Setting the tone for a kind, peaceful way of speaking to ourselves is crucial, especially for those with perfectionism. Also, setting small, reasonable goals is key. It might do us good to aim for some achievements, but these kinds of achievements should be about prioritizing sleep and rest; carving out some personal time; eating nutritious, energizing food; and other things that make us feel whole (per Mother). We need to especially let go of any bogus pressure to bounce back weight-wise, which will only make us feel more upset and frustrated, as Women's Health points out.

Walking away from critics

While we can be our own worst mom-shamer, external voices can be utterly overwhelming to deal with as a mother, particularly when we're feeling ambivalence. People seem to have (unhelpful) opinions about everything, from breastfeeding to body recovery, on top of the expectation that the experience is supposed to be one of the best in a woman's life. Via Verywell Family, Dr. Carly Snyder explains that walking away from mom-shamers is the best solution. "Often, the best thing to do is disconnect from the conversation," she says. "You don't have to justify or explain your parenting to anyone —you're doing your best."
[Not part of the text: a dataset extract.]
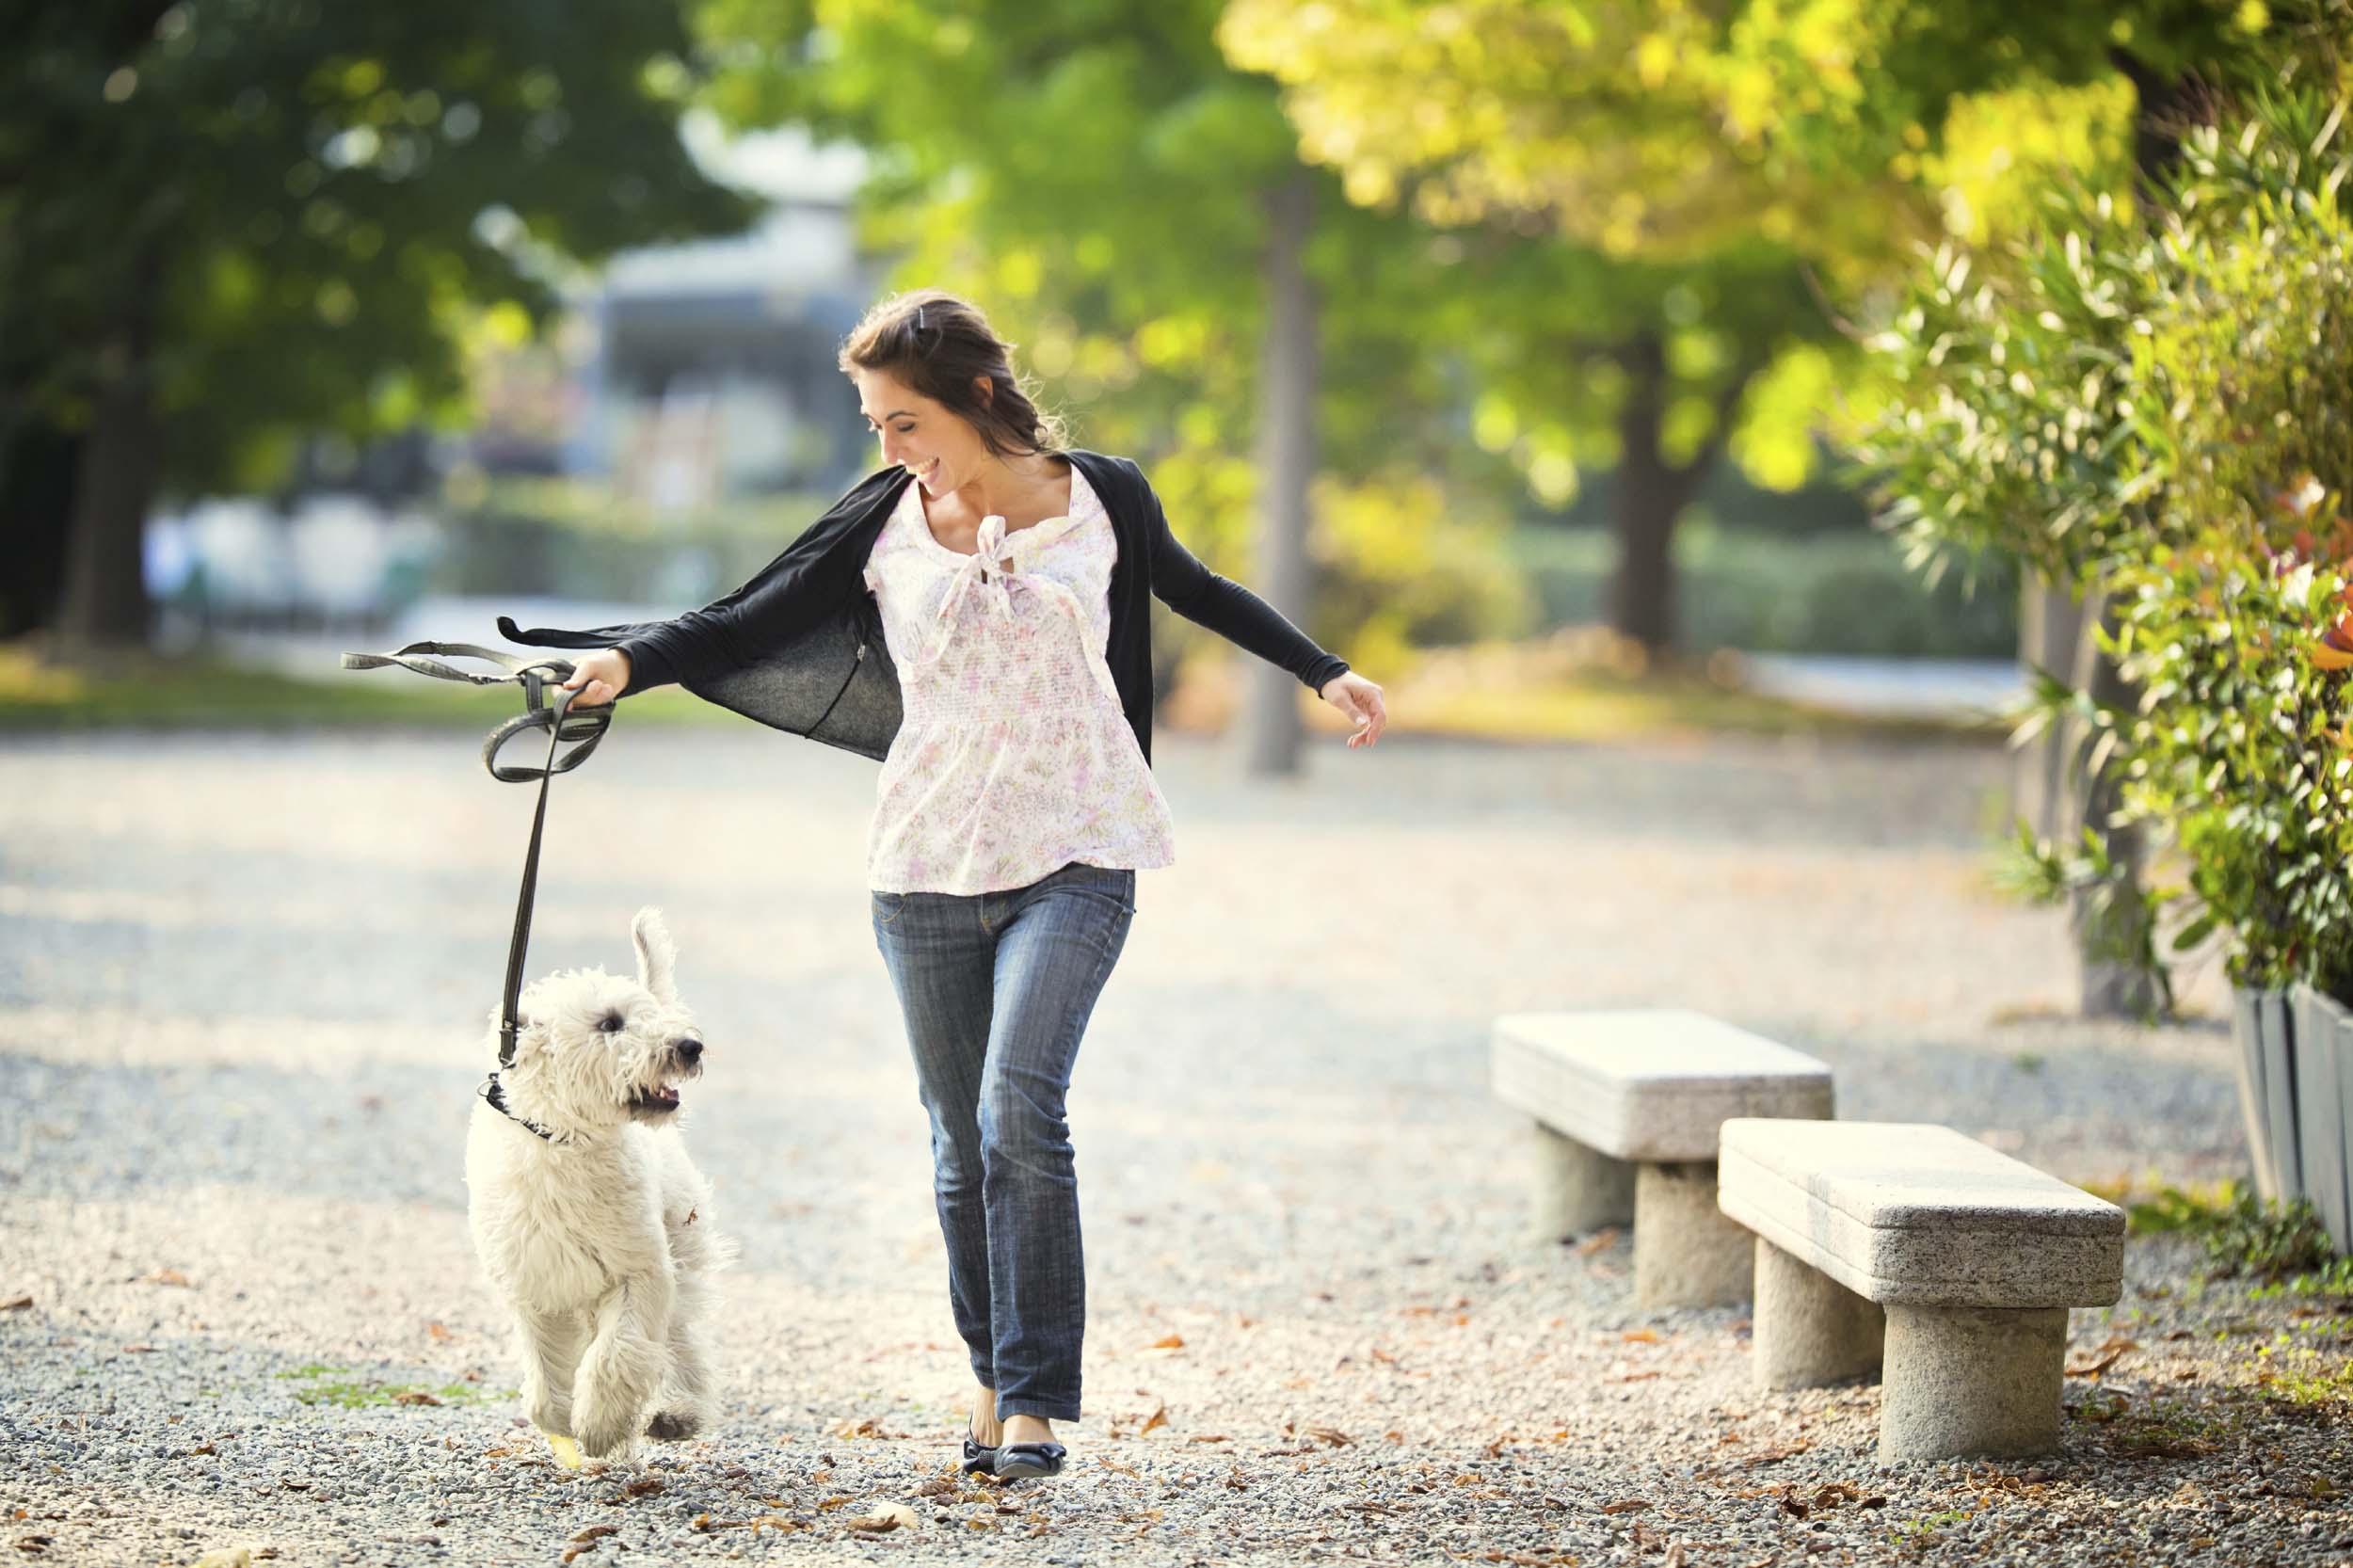 Что будет делать гулять. Прогулка с собакой. Гулять с собакой. Девушка гуляет с собакой. Фотосессия прогулка с собакой.

But as more and more mothers open up about maternal ambivalence, the stigma can lose its grip. Elle Wang spoke to The New York Times about her slow bond with her child. "It took me some time. It took my husband some time. It took the baby himself some time! The baby needs a moment, too," she said. "And I think if we have an honest conversation about it, it can save some people heartache." Honesty might be the most powerful tool we have when it comes to maternal ambivalence. It's natural and means nothing when it comes to quality parenting.

But if someone wants to seek out support, there are options. There are several resources to continue researching maternal ambivalence. Plus, counseling can be hugely beneficial as licensed counselor Susannah Baldwin notes in Counseling Today. She points out that mothers are so busy mothering that they also need to feel cared for, too.